Here are some facts about me: 

  1. I've never driven an automobile legally, and in my 25 years of life, I've only driven one (1) Subaru four (4) times in two (...) adjacent parking lots in Ashland, OR.
  2. The closest thing I've had to a career was in the exciting, draining field of residential care for the retired and enfeebled, eventually obtaining CNA (Certified Nurses Assistant) certification from the state of Oregon. Mostly, I kept orderlies and cooks on task when not delivering special meals to the very ill - or recently deceased, on two occasions.
  3. I was offered a writing position at Jeremy Parish's side project/zine, Gamespite.net, but I couldn't figure out the wiki markup language the day my first article was due and, showing the kind of derring-do and stick-it-to-ive-ness I've developed a reputation for, I just kinda stopped posting on the staff forum. Since my first piece of Gamespitefullness is nearly a year over deadline now, I don't think I really have a position there. I can still access the staff forums, which is kinda neat.
  4. I've played guitar for nearly 9 years, and I'm still barely an intermediate talent at the instrument.
  5. I cannot whistle.
  6. The only time I've ever been a recognized member of a videogame message board/community type thing was four or five years ago, on the insertcredit forums.
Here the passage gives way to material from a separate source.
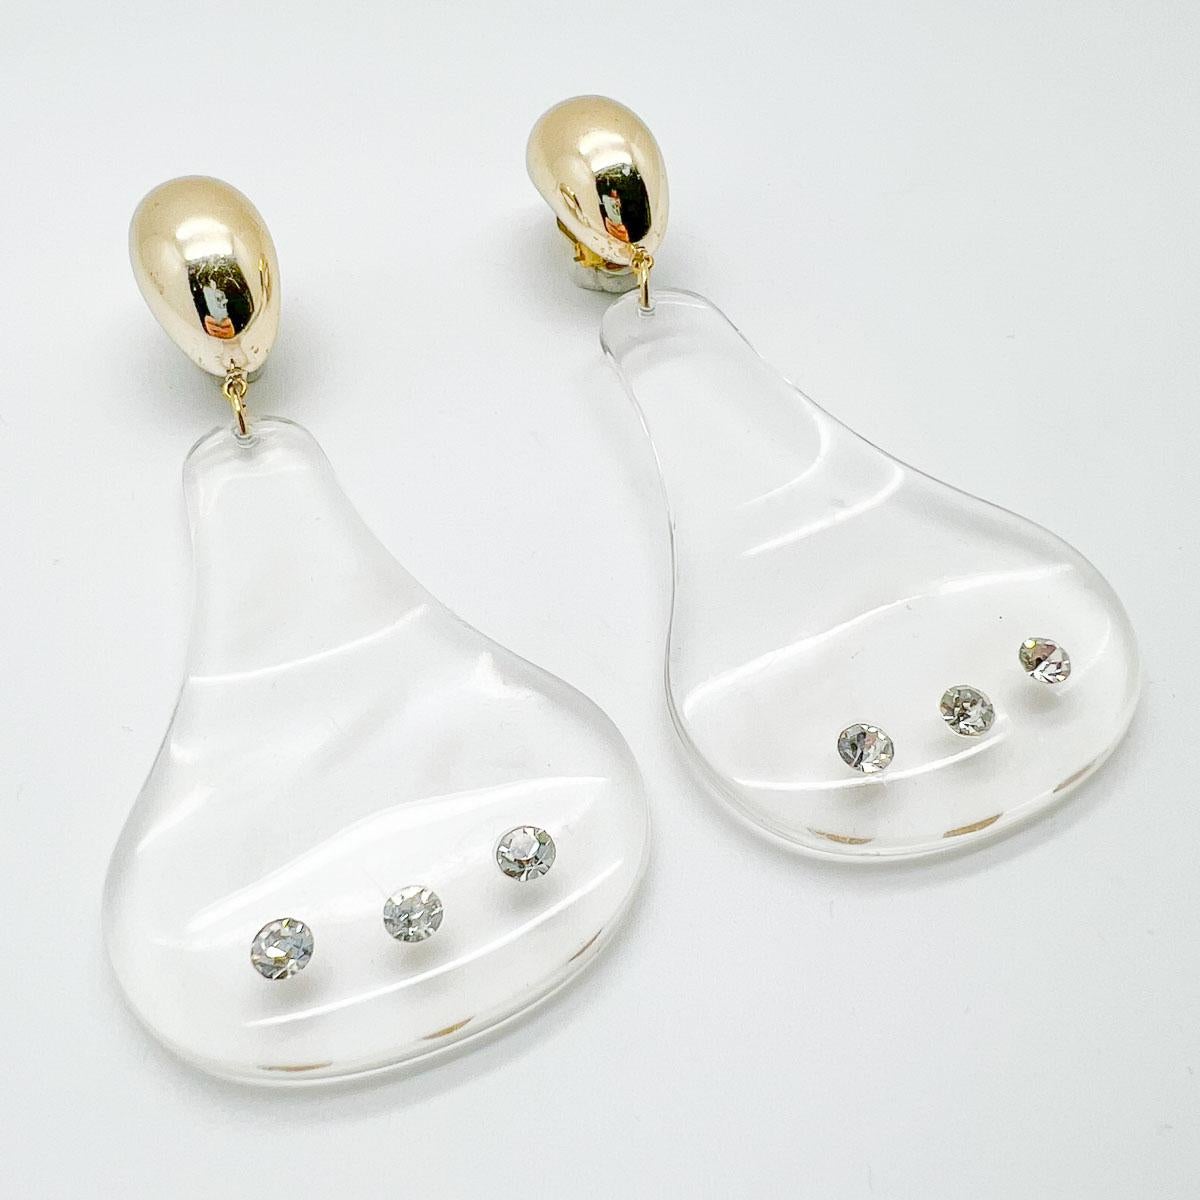 1970's earrings style

Oh, those were the days. I never countenanced to selectbutton.net - although there's still a bunch of old "internet friends" posting there I wouldn't mind communicating with.
  7. I've been toying around with interactive fiction for the past three months or so, using the Inform scripting language (if you can call something so... intuitive a scripting language - which is what it is, of course, it just uses, like, actual grammatical sense to this Lit Comp major).  When I get something that is not pre-alpha done, I'll host it somewhere. Any zcode interpreter will run the Inform language, I think, so it shouldn't be much of a hassle no matter what system you've got. Right now, I think a true experience with my project requires a Commodore 64 with an Epyx fast cart loader. Hopefully, I'll get some stuff written on the process of writing IF with no prior game development experience and post it here, but I'm pretty slow and notoriously flaky when it comes to this stuff. 
  8. I like NEXT GENERATION POWER and all, but lately I've been enjoying PSP and DS gaming way more than the NEXT GENERATION POWER experience - the recent slew of awesome fighting games and Far Cry 2 notwithstanding. 
  9. My favorite comic artist is Alex Ross, of being Alex Ross the Comic Artist fame.  One of my favorite high brow authors in any field is also named Alex Ross, of the New Yorker and writer of 2007's Pulitzer Prize nominated The Rest is Noise: Listening to the 20th Century. 
  10. I play bar trivia at the Hawthorne Hideaway (it's on SE Hawthorne St. in Portland, OR) every Monday.  Our team is named Willocalypse, for very long and convoluted reasons.
That about covers it. Since my 'official' gaming blog, A New Sku for This IP, has more or less died out due to lack of audience, I'm going to post all game-stuff here until this blog also becomes a depressing wasteland of no consequence. The over/under is 6 months.